In the search for intimate connection with God, I have come to realize how much I struggle (at times even hate) the idea of a “personal” God. For many years, my dislike centered on the idea of a personal and all-powerful God. I suppose I am like many who struggle with the idea of a personal and loving God allowing horrific and unfathomable things to happen to seemingly innocent people. While I contend that many bring on much of their own pain through destructive choices, I cannot say the same for children. I had a client, a not-quite teenage boy, who encountered abuse beyond description, and then once finally removed from his biological parents, was no longer able to feel safe enough to be loved. At a young age, he was already committing criminal acts and it was a matter of time before he was arrested only to enter into another system where love is sparse and perpetration commonplace. Where was this personal God during the innocent months of his infancy and toddlerhood? And then the question, due to his early circumstances rendering him unable to experience love, can we blame him for hating God, society, parents, and all humankind? I have believed for some time that as humans, we have the capacity to nurture or destroy, the choice is ours. To not have this freedom would mean we are reduced to God’s puppets in the grand theatre of life on earth. While I can swallow this pill – we are products of our choices, it is no less easy to witness the tragic destruction of our choices.
Thinking of the consequences of abuse, poverty, greed, generational patterns of substance abuse . . . they are real and valid reasons to question the validity of a personal God. They stir up a righteous anger and a passion in me to want to make the world a better place, even it is just one life I have the honor of touching. But this righteous anger also serves as a distraction to my own “hatred” toward a personal God. I can talk about my own inability to trust or to truly believe I am lovable and this is why I struggle to connect with a personal God. I can even justify this with psychobabble diagnosis– I am in a mode of self-protection . . . yadda yadda ya.
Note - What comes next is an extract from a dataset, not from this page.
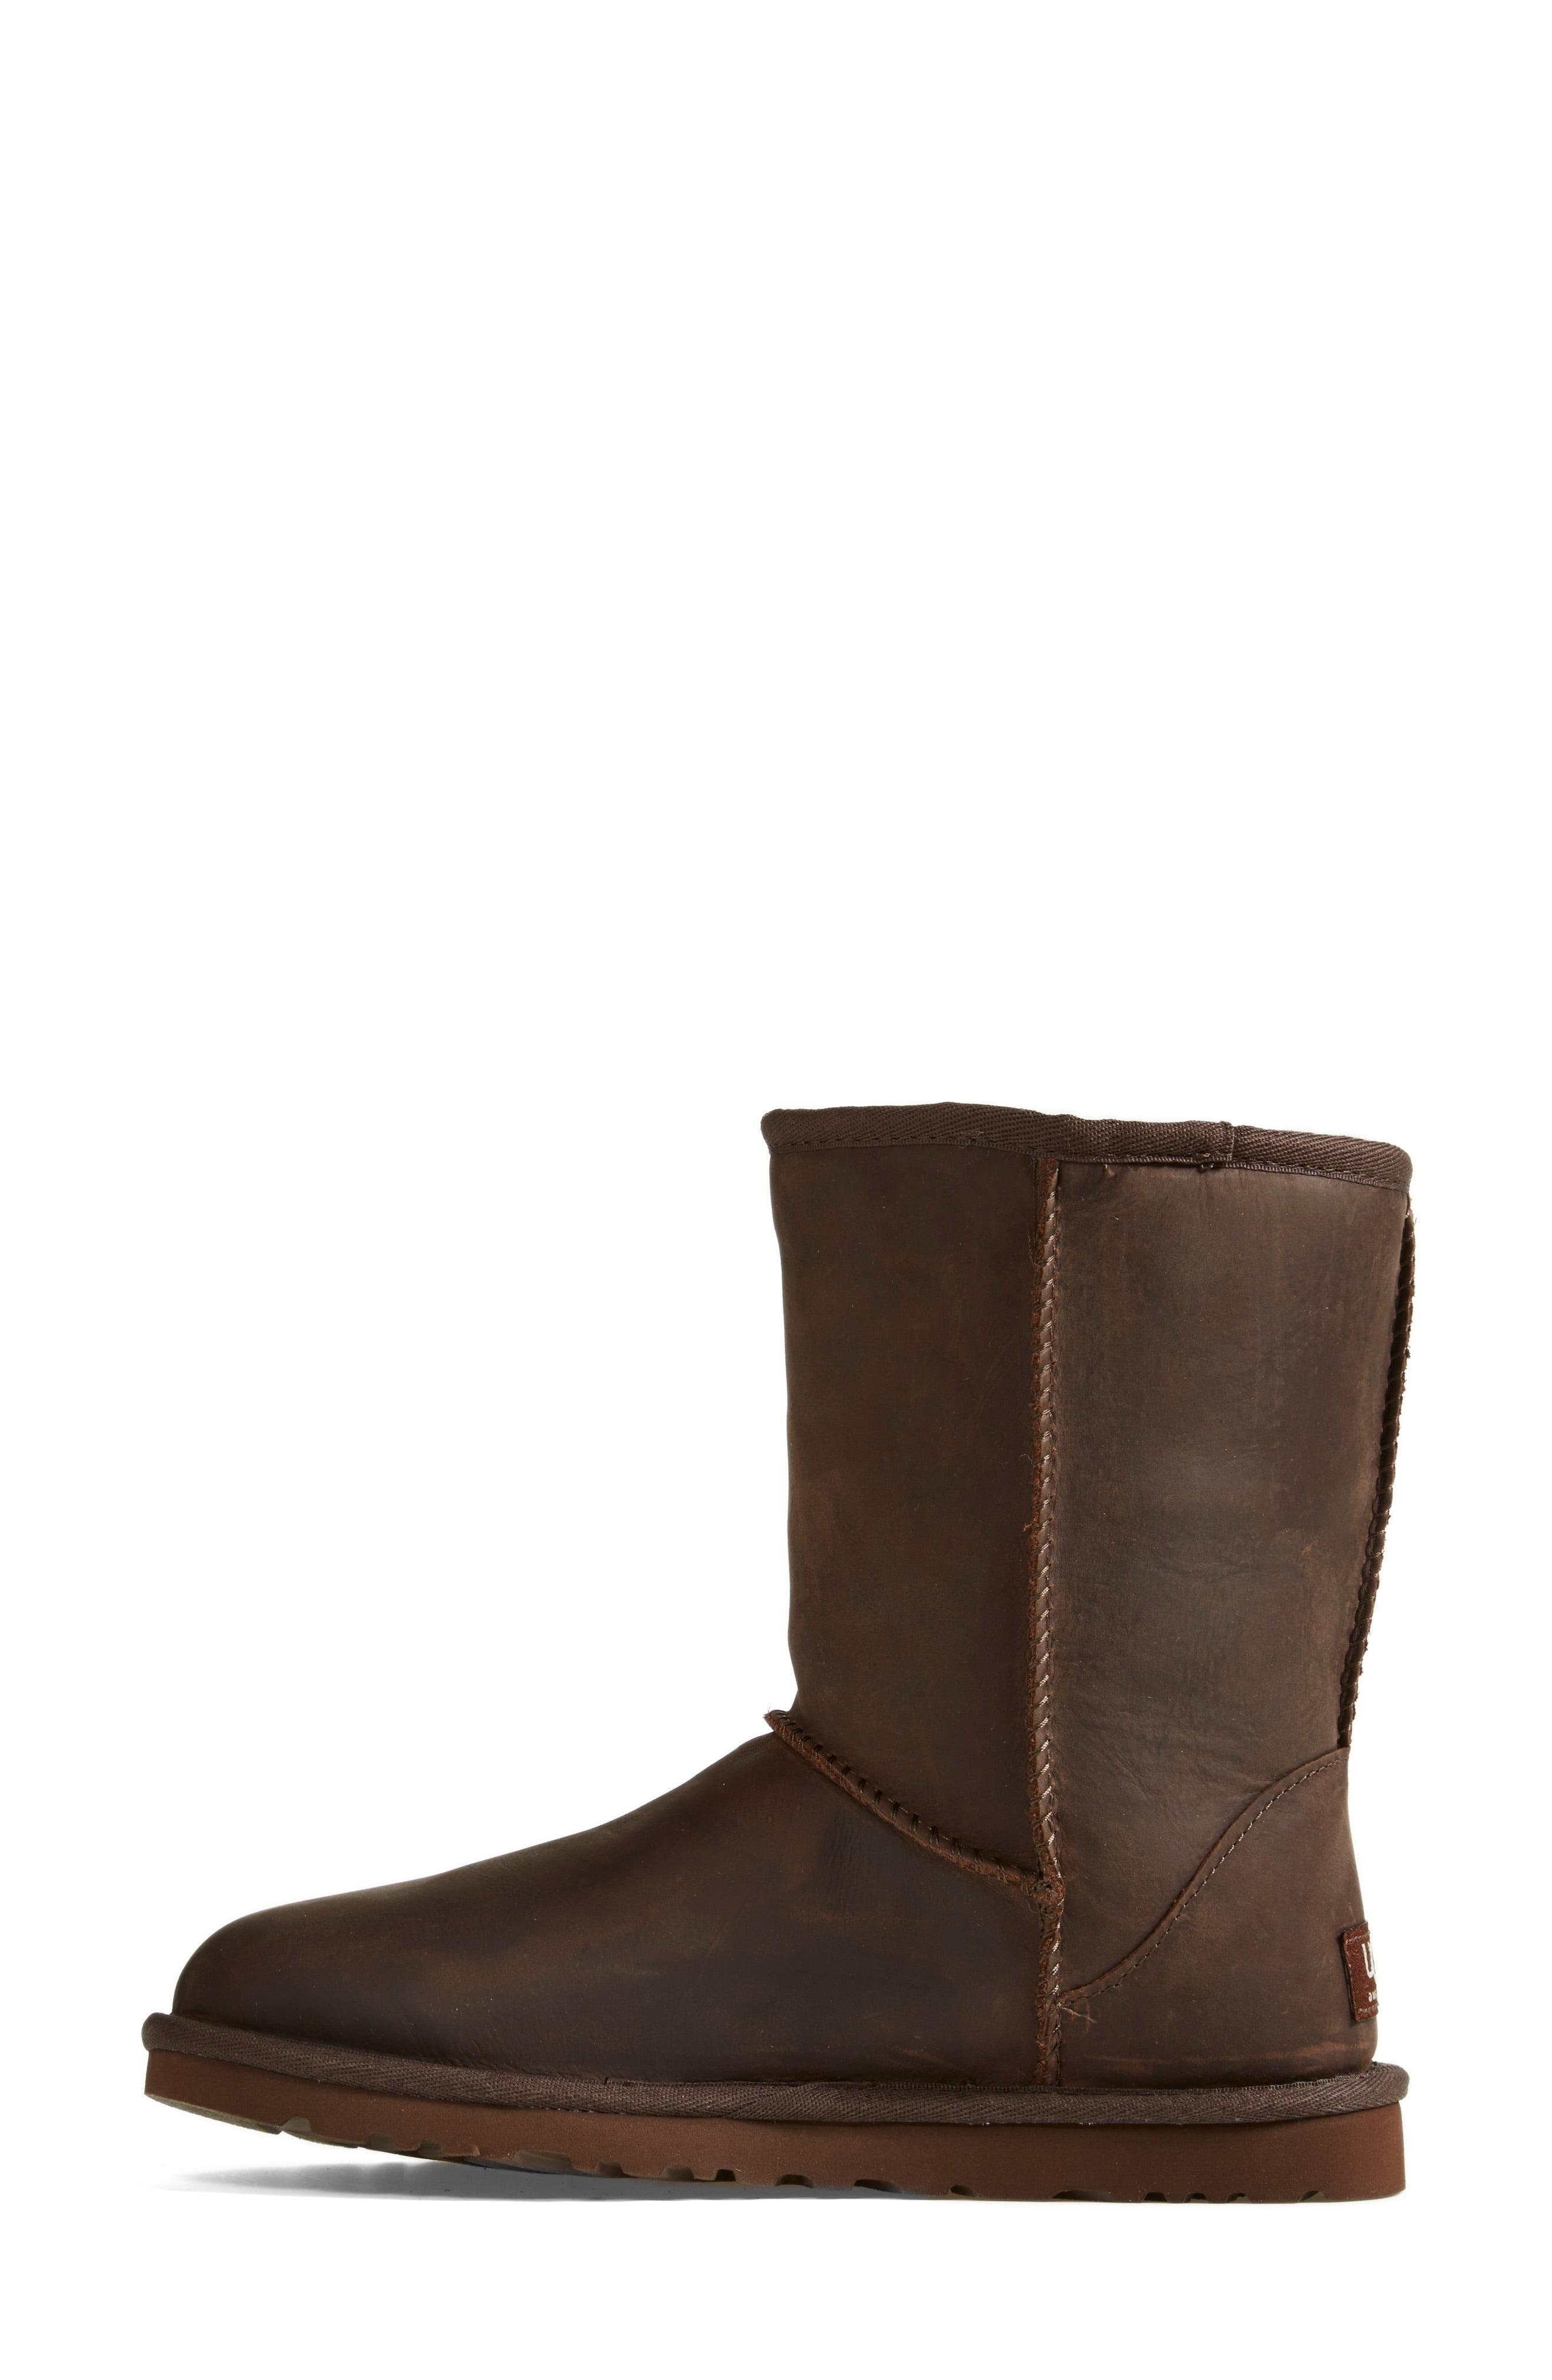 ugg short leather boots sale

But if I look for a spiritual diagnosis, I contend it is the sinful thought of Pride.
To acknowledge a personal and intimate Creator God means admitting I need something. To need something is to further admit a state of dependency and lack of self-sufficiency. I was reading this morning in Matthew about the hemorrhaging woman who had enough faith to reach out, touch the tassels of Christ’s robe, and trust that her years of shame would be healed. Women who bled were not permitted into the temple because they were declared unclean. So for thirteen years, she was “unfit” to enter the temple, or sacred space symbolizing God’s presence. I tried to imagine myself as that woman and wondered what I would do. Part of me wonders, would I be sitting in bitterness stewing over the legalistic laws that kept me away from worship? Maybe. I really think I would be looking for ways to “fix” it myself, perhaps hoping for a huge stash of tampons to hide the bleeding. I cannot picture myself in a place of desperate faith, reaching out with all that is within me, hoping against hope I would indeed find the healing I needed.
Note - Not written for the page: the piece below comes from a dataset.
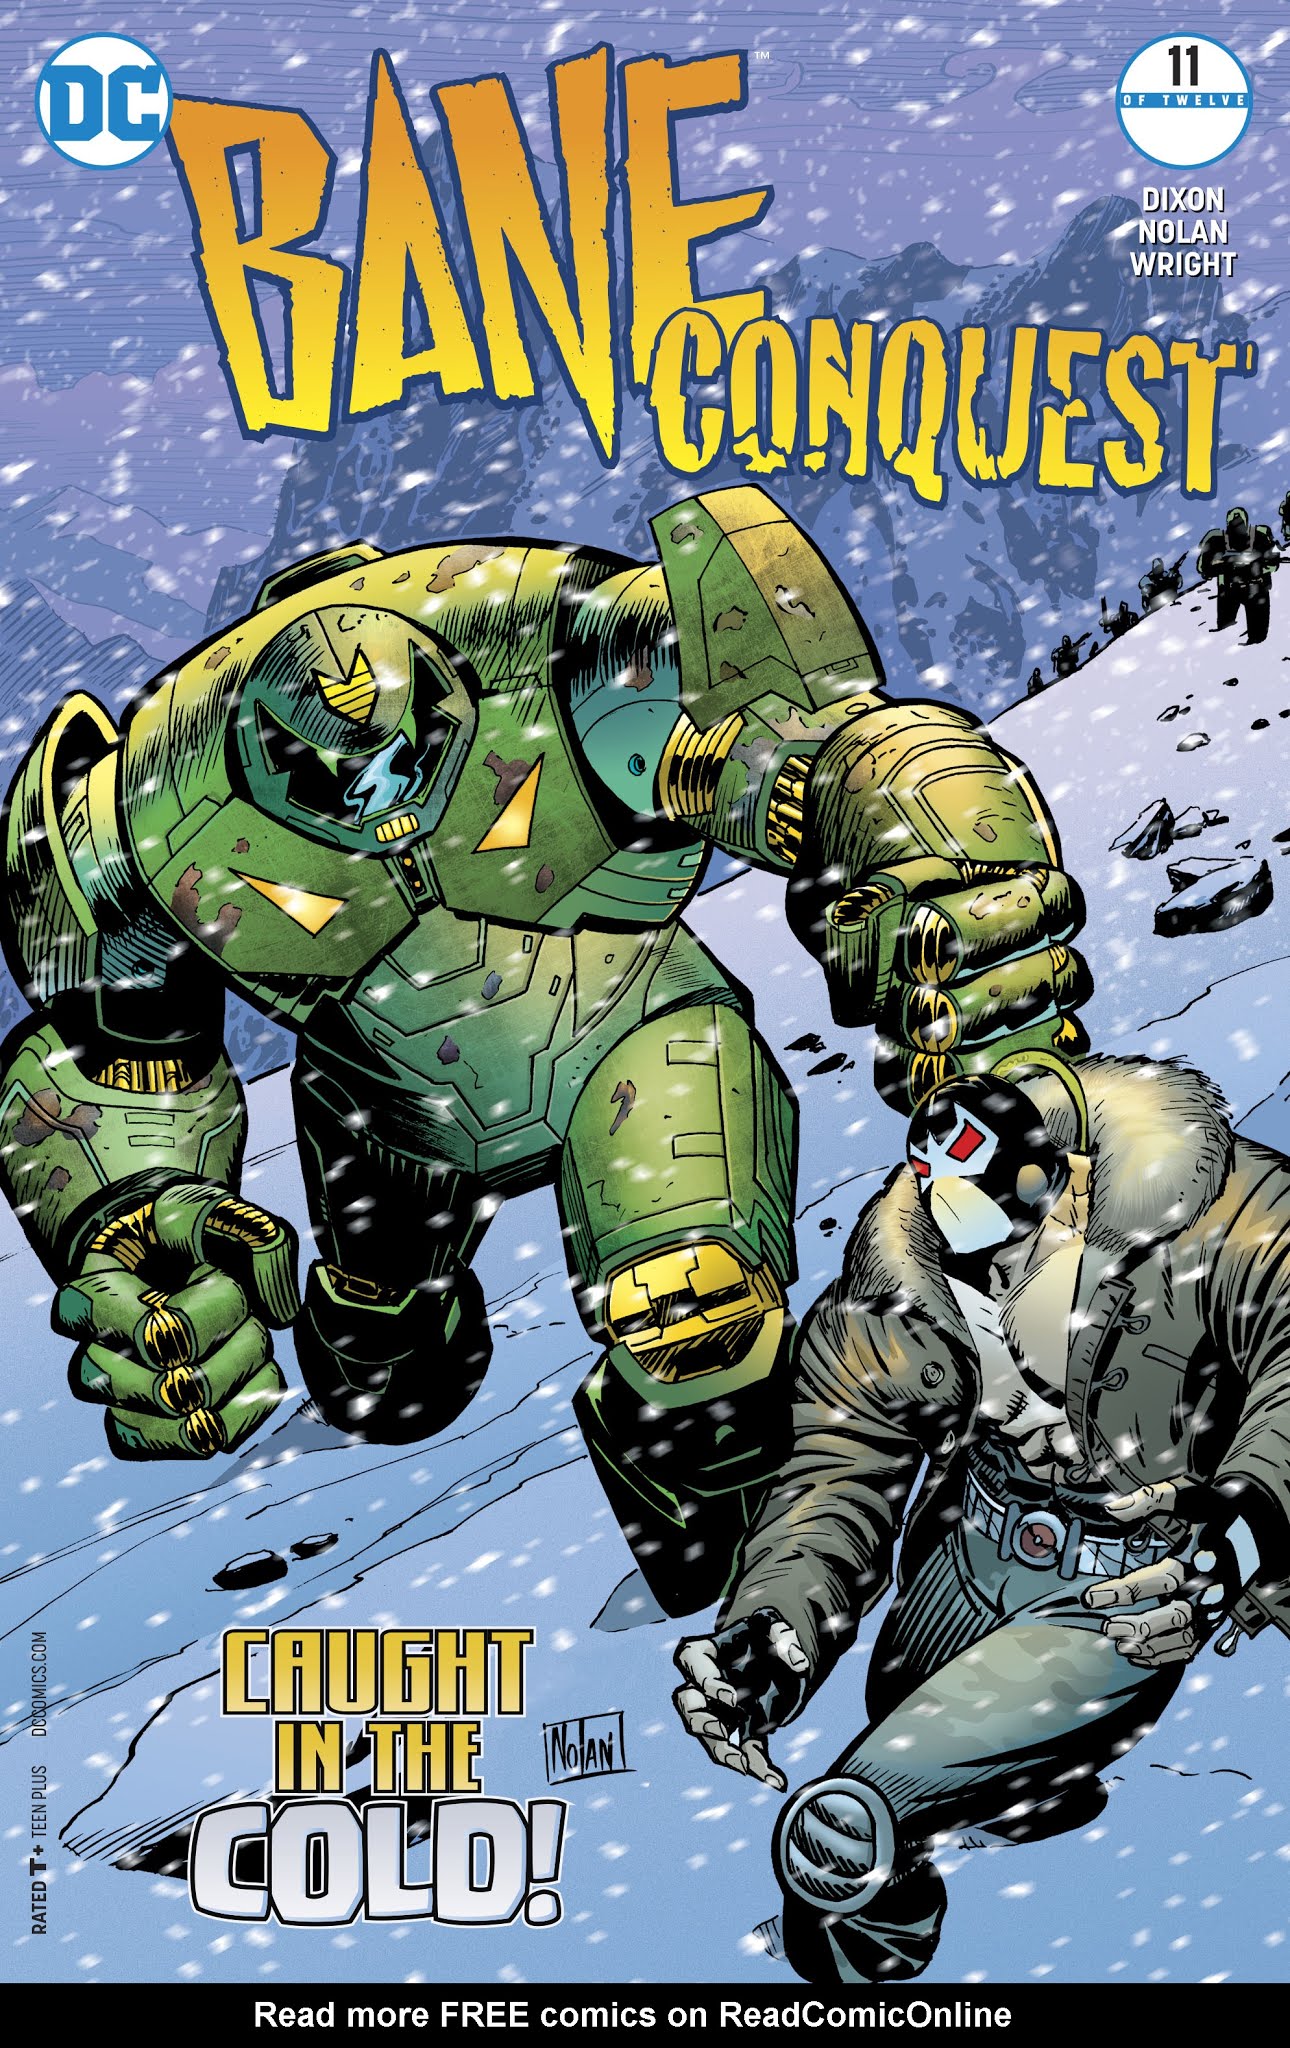 Read online Bane: Conquest comic -  Issue #11 - 1

Actually, I can picture that. It happened nine years ago while living in Vietnam. After nine months of living in a third world country I got pretty desperate. That summer, things starting breaking down. An international family returned, and despite never meeting me, started spreading harsh lies about me. I witnessed international children being groped by Vietnamese nationals while their missionary parents stated, “it is cultural.” I experienced the suffocation of poverty – children sold as prostitutes and propositioning me on the street; beggars emaciated (some deformed from Agent Orange used by American troops in the Vietnam War); people sleeping on dirt floors . . . and I was left feeling helpless and hopeless. I was on a self-destructive downward spiral quickly heading to the end of my rope. One particular night, I remember in vivid detail. I curled up on my bed in the fetal position wanting the world to go away. The only thing I could do was utter the name “Jesus” over and over. I made it through that night, and the weeks and months until I came back to the States. The desperation I felt scared the hell out of me. While I believe I was granted intimate grace that night, an angry root soon took over. I swore to myself I would not get that desperate again.
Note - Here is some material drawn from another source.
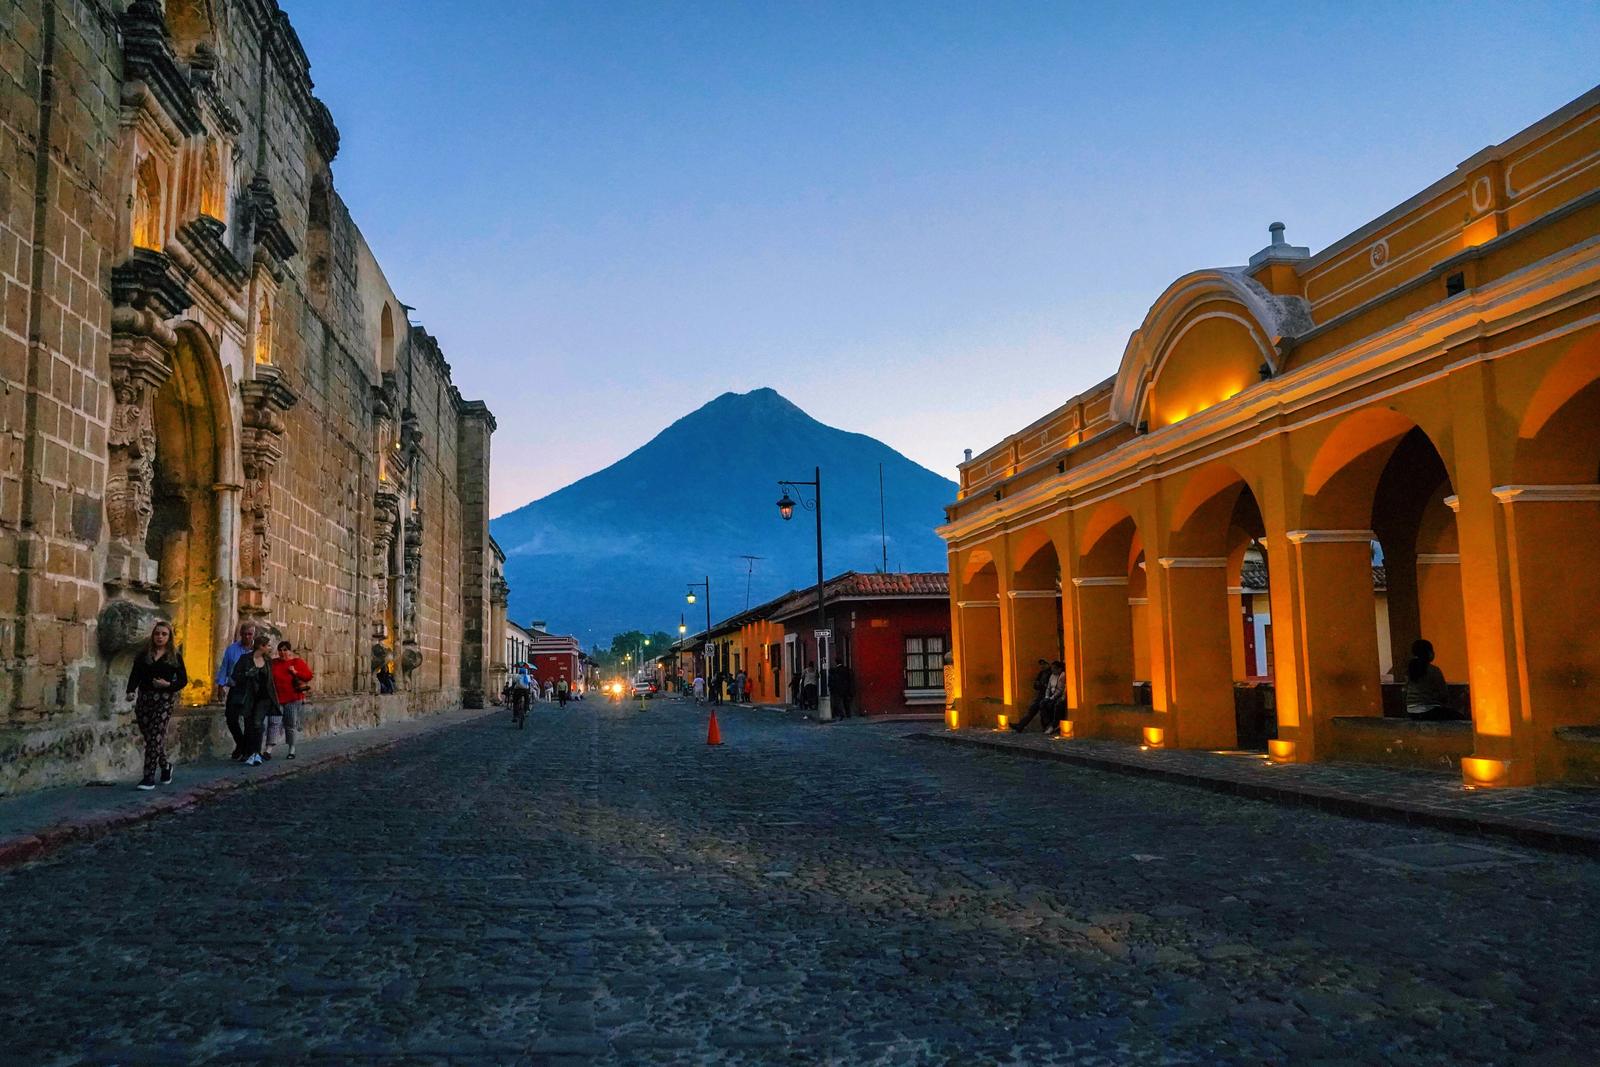 If You Can Score More Than 18 on This Famous Landmarks Quiz, You Probably Know All About the World Guatemala

Looking back now, almost ten years later, I recognize something significant happened in Vietnam. I was granted peace and rather than allowing that seed to find root and grow, in my pride I cut it down. A part of me has feared that to be desperate for God, I must enter back to a state of emotional insanity. As I tell my three-year-old, that is a silly fear. I think the better response would be gratitude. Grateful for the kiss of grace received that night, and grateful that it is available every night if I would just simply push my pride aside enough to notice it.